To use it, and this is pretty cool, we could run our function that finds the 7. It returns a pointer to that node, which is exactly what insert needs:

// add a 15 after the 1st 7:  
IntNode p = findNodeWithVal(L1, 7);  
if(p!=null) insertAfterNode(p, 15);

For fun, here’s a hacky way to add 15 to the end of the list, using our previous functions. Find the length, subtract 1, find that node, and insert after it. We’d never do this for real, but it’s a nice exercise:

// insert 15 to end of L1:  
int len=getLength(L1);  
if(len==0) insertToFront(ref L1, 15);  
else {  
  IntNode last=getNodeAtIndex(len-1);  
  insertAfterNode(last, 15);  
}

This is still messing around: we could write a function that does every step by hand:

void insertAtEnd(ref IntNode head, int newVal) {  
  // pre-make the new node:  
  IntNode newNode=new IntNode(); newNode.val=newVal;  
  newNode.next=null; // since it’s the last item  
 
  if(head==null) { head=newNode; return; }  
  // loop stops where we’re _about_ to go off the edge:  
  IntNode p=head;  
  while(p.next!=null) // <- if NEXT item is null. Tricky  
    p=p.next;  
  // p is last node. Add us after it:  
  p.next=nn;  
}

while(p.next!=null) is one of those extra-sneaky pointer linked-list tricks. When the next item is null, it means we’re on the last item.

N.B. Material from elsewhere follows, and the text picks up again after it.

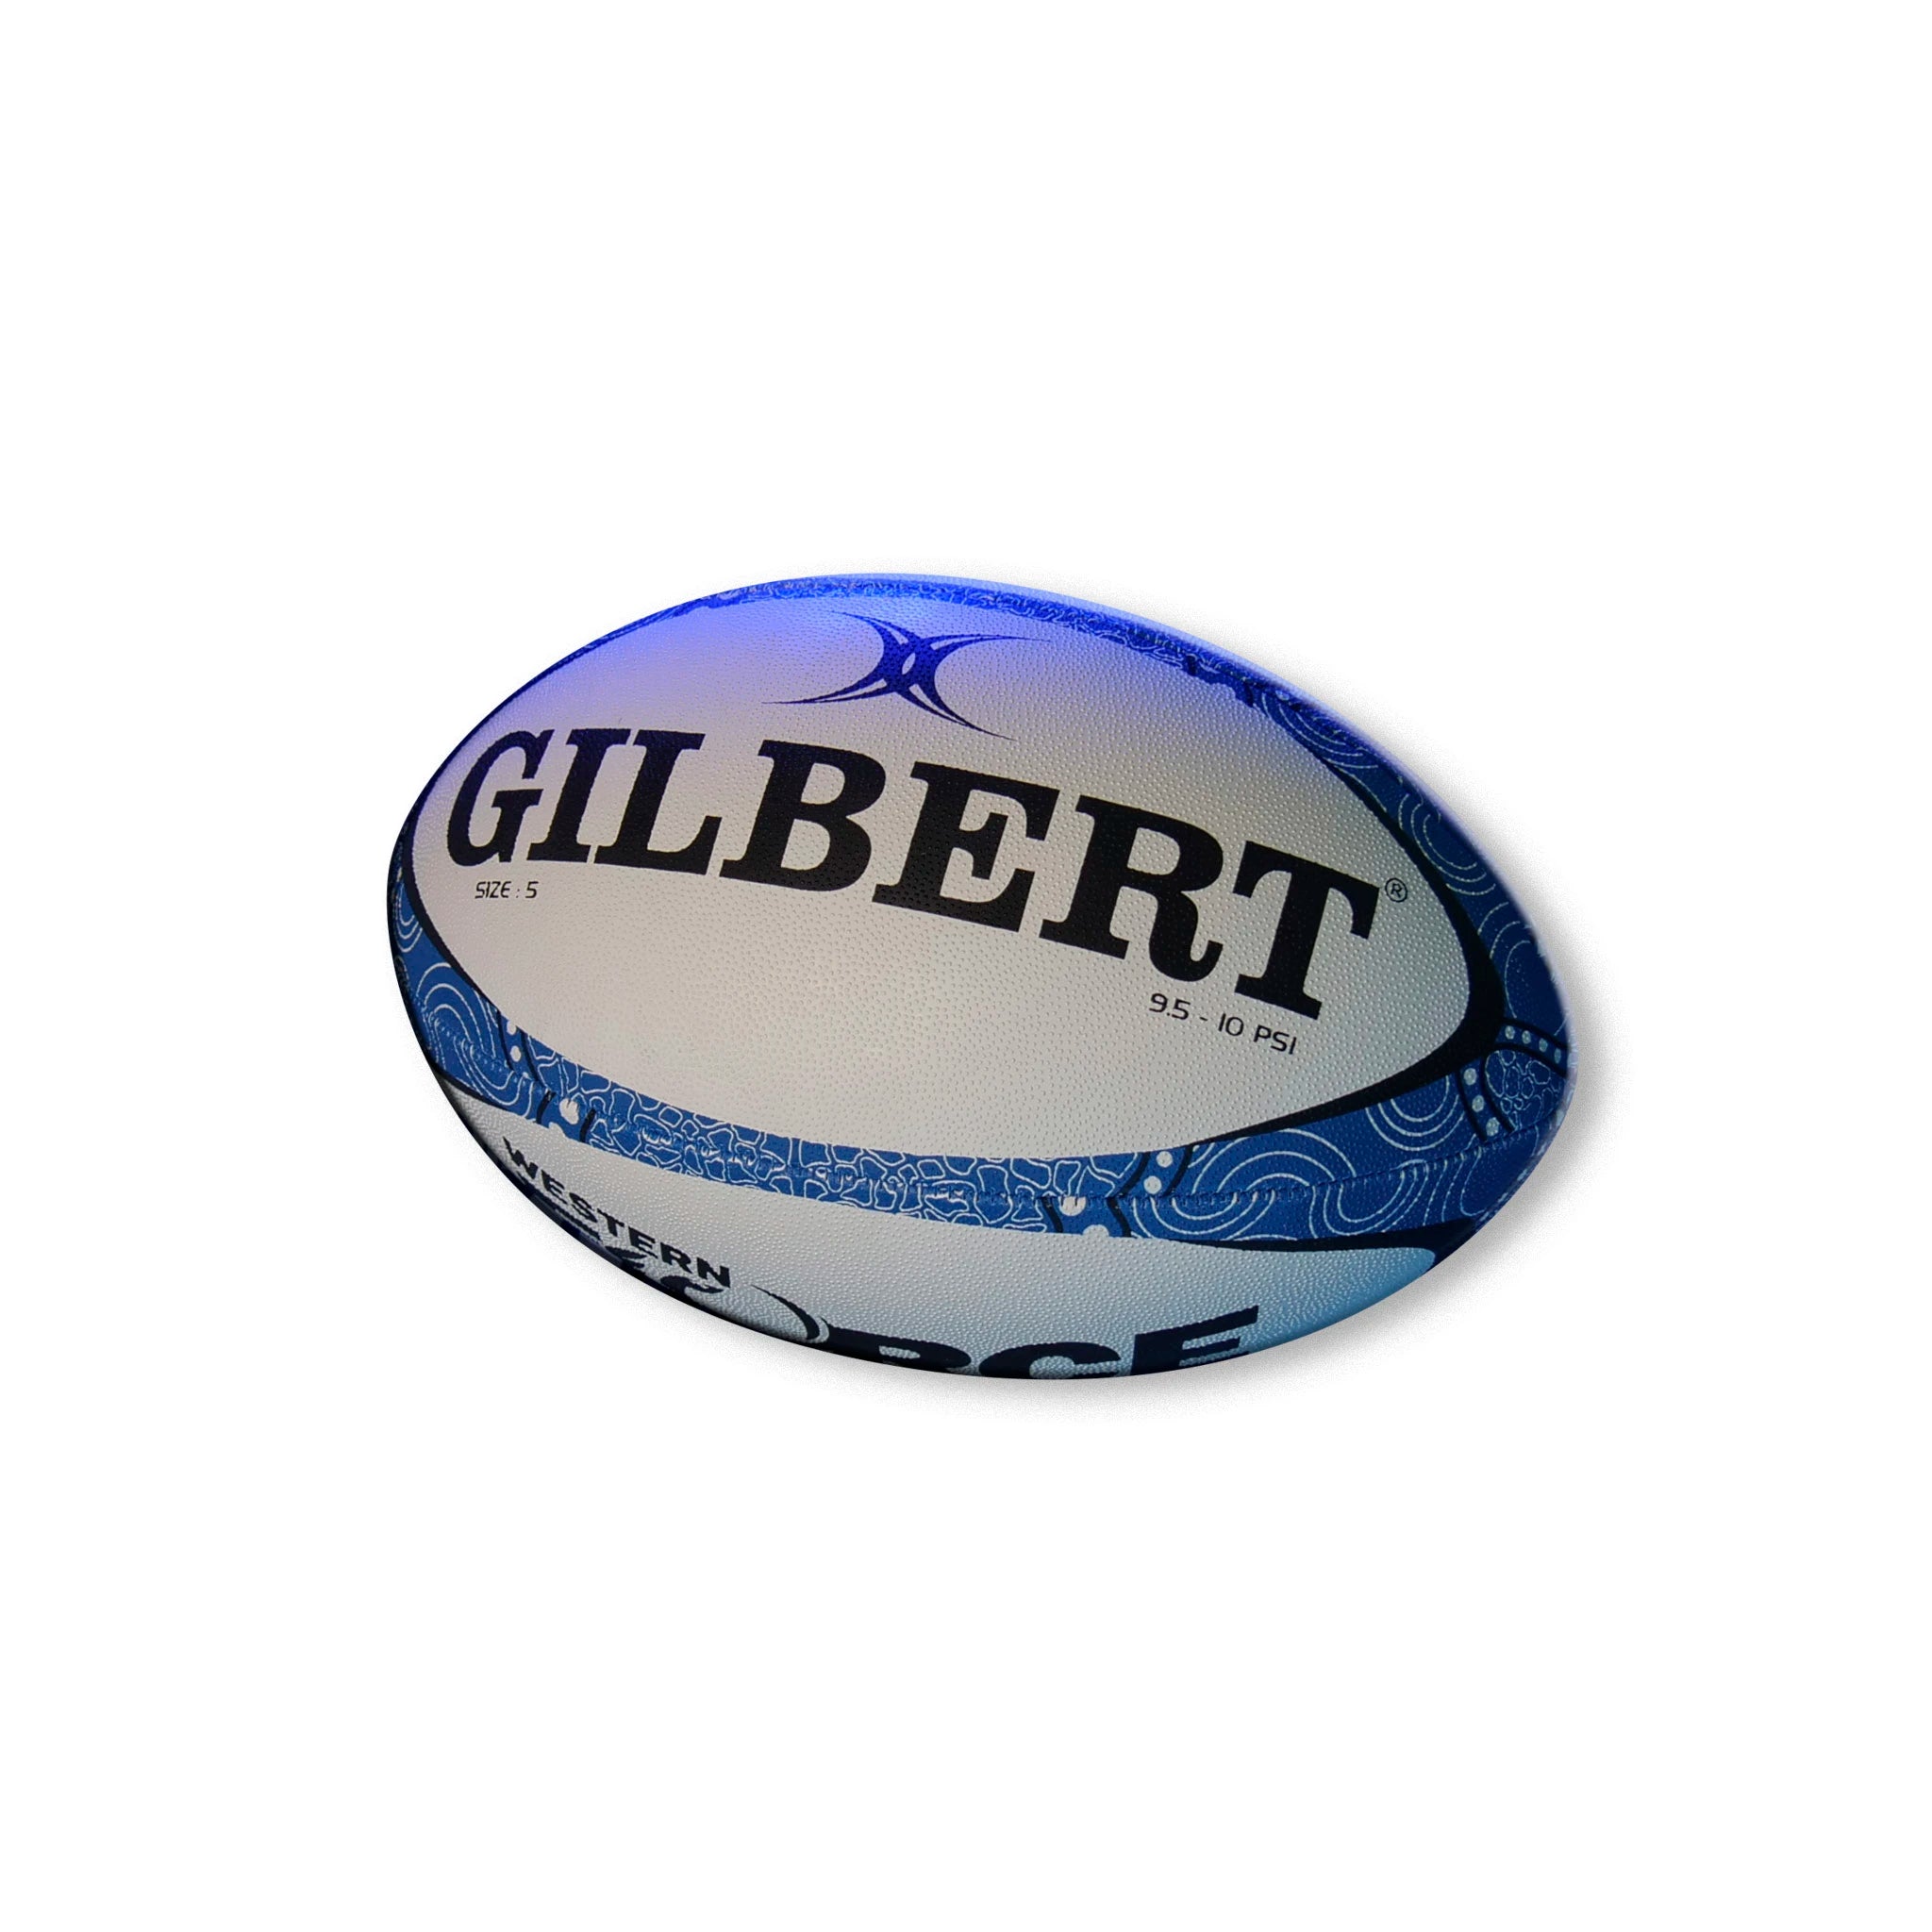 Rugby Ball - Gilbert

Another trick for finding the last item is adding a trailing variable. Let p fall of the edge, as normal:

// find last item using a trailer:  
IntNode p=head;  
IntNode pPrev=null; // trails behind p by 1 node  
while(p!=null) {  
  pPrev=p; // old value of p, just before moving it  
  p=p.next;  
}  
// now p is off edge and pPrev is last node

You may be thinking that the thing before i in an array is i-1, which is so much easier. But all of this extra work with linked lists is worth it for the speed if we need to frequently insert and remove from anywhere.

42.1.3 Removing

Removing an item is like inserting it. We just reroute the pointer around the item to remove. Like inserting, the first item is a special case, since we have to change L1.

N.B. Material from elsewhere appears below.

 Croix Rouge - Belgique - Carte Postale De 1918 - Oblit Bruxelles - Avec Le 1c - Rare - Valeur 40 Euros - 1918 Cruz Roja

Here’s what it looks like to remove the first item of of 2, 7, 4, 9:

L1    2--> 7--> 4--> 9-->null  
  \       /  
   -------

It looks odd that 2 still points to 7. We could set it to null, but it won’t matter. The key things are the list now starts with 7, then 4 then 9; and there’s no way to get to 2 anymore. Eventually the garbage collector will remove it.

The code looks like this:

void removeFirst(ref IntNode head) {  
  if(head==null) return; // there isn’t a 1st item  
  head=head.next;  
}

As a check: if there’s only 1 item, this would make head point to null, which is correct.

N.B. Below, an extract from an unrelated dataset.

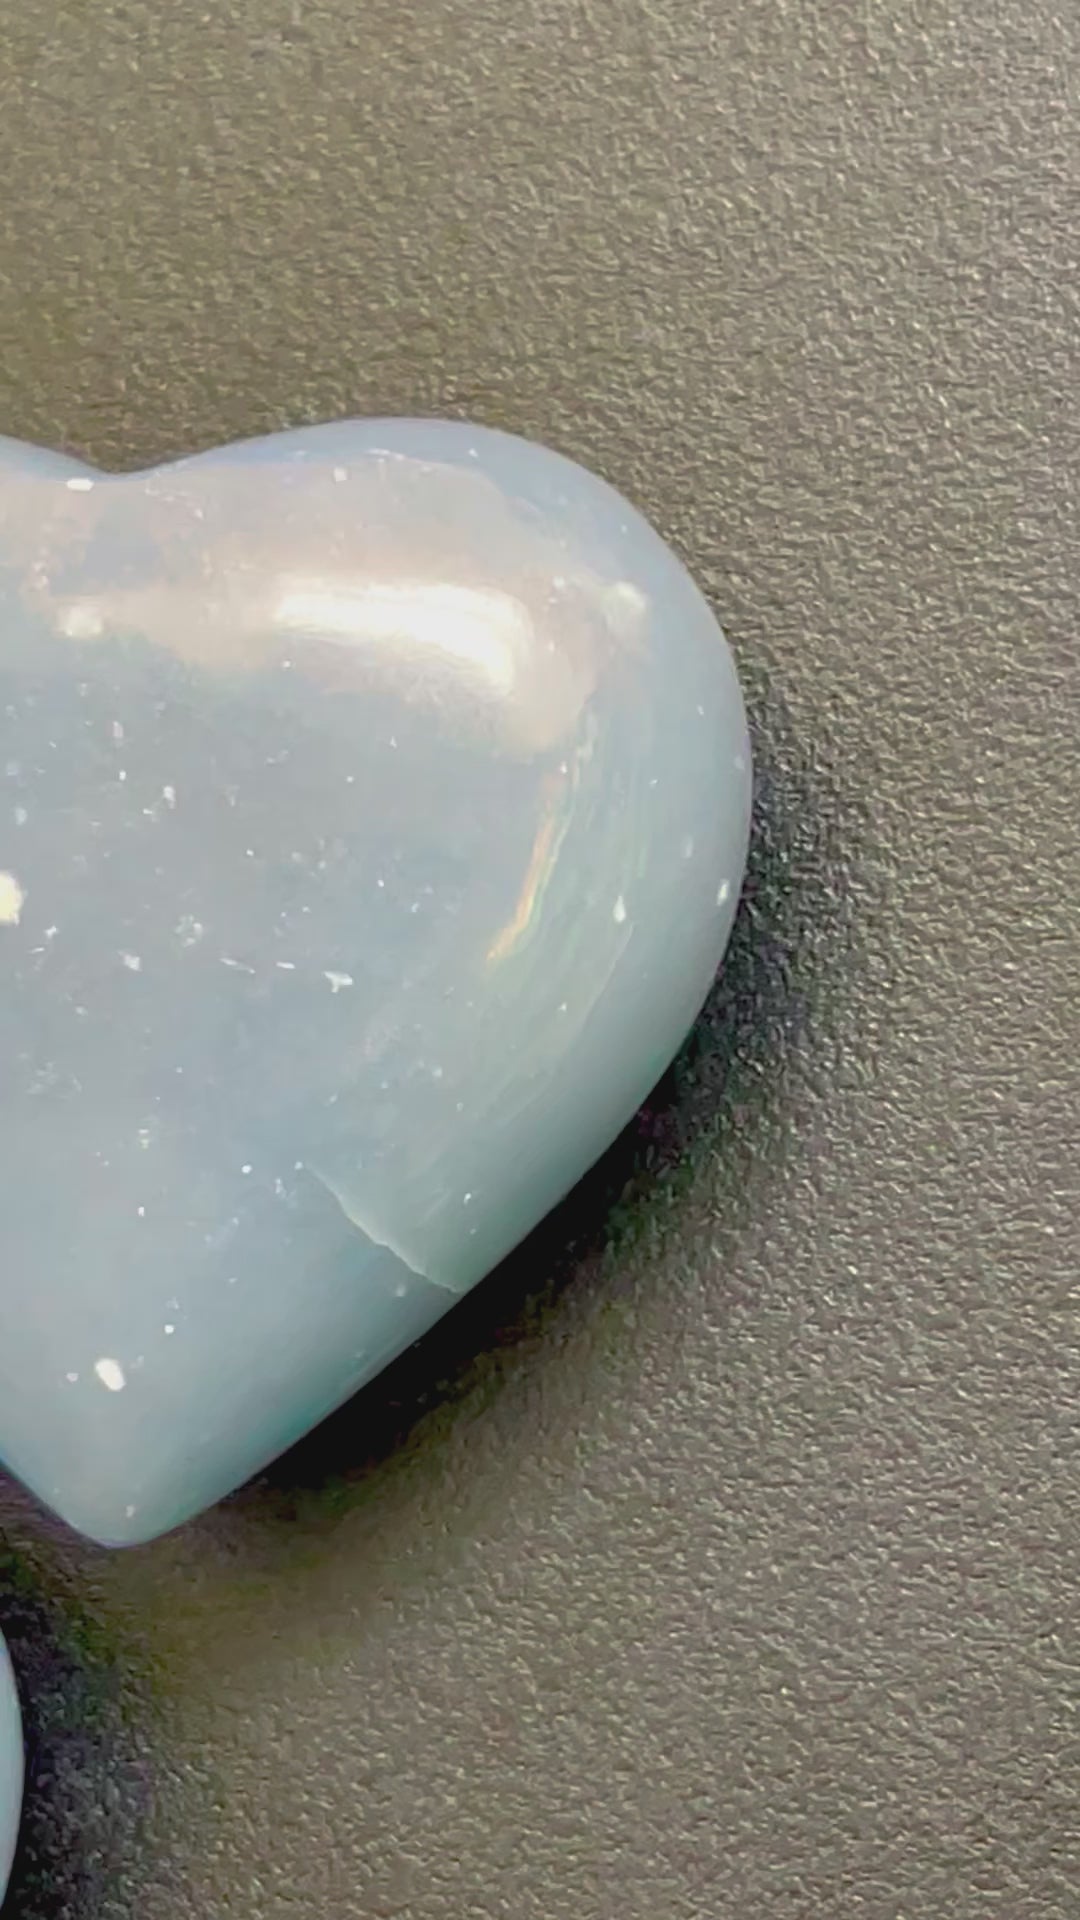 Angelite Heart Polished Natural Gemstones

Removing anything else requires the node in front of it. We again route the pointer around

void removeAfter(IntNode beforeNode) {  
  if(beforeNode.next==null) return; // nothing after us to remove  
  beforeNode.next = beforeNode.next.next;  
}

beforeNode.next.next isn’t a joke, or magic. It’s the pointer to 2 nodes after you. Read it as if it had parens: (beforeNode.next).next If beforeNode is the 2, it jumps to the 7, then checks the next in there, which is an arrow to the 2.

But, again, yikes! Experienced coders are able to sight-read this, but it takes lots of practice.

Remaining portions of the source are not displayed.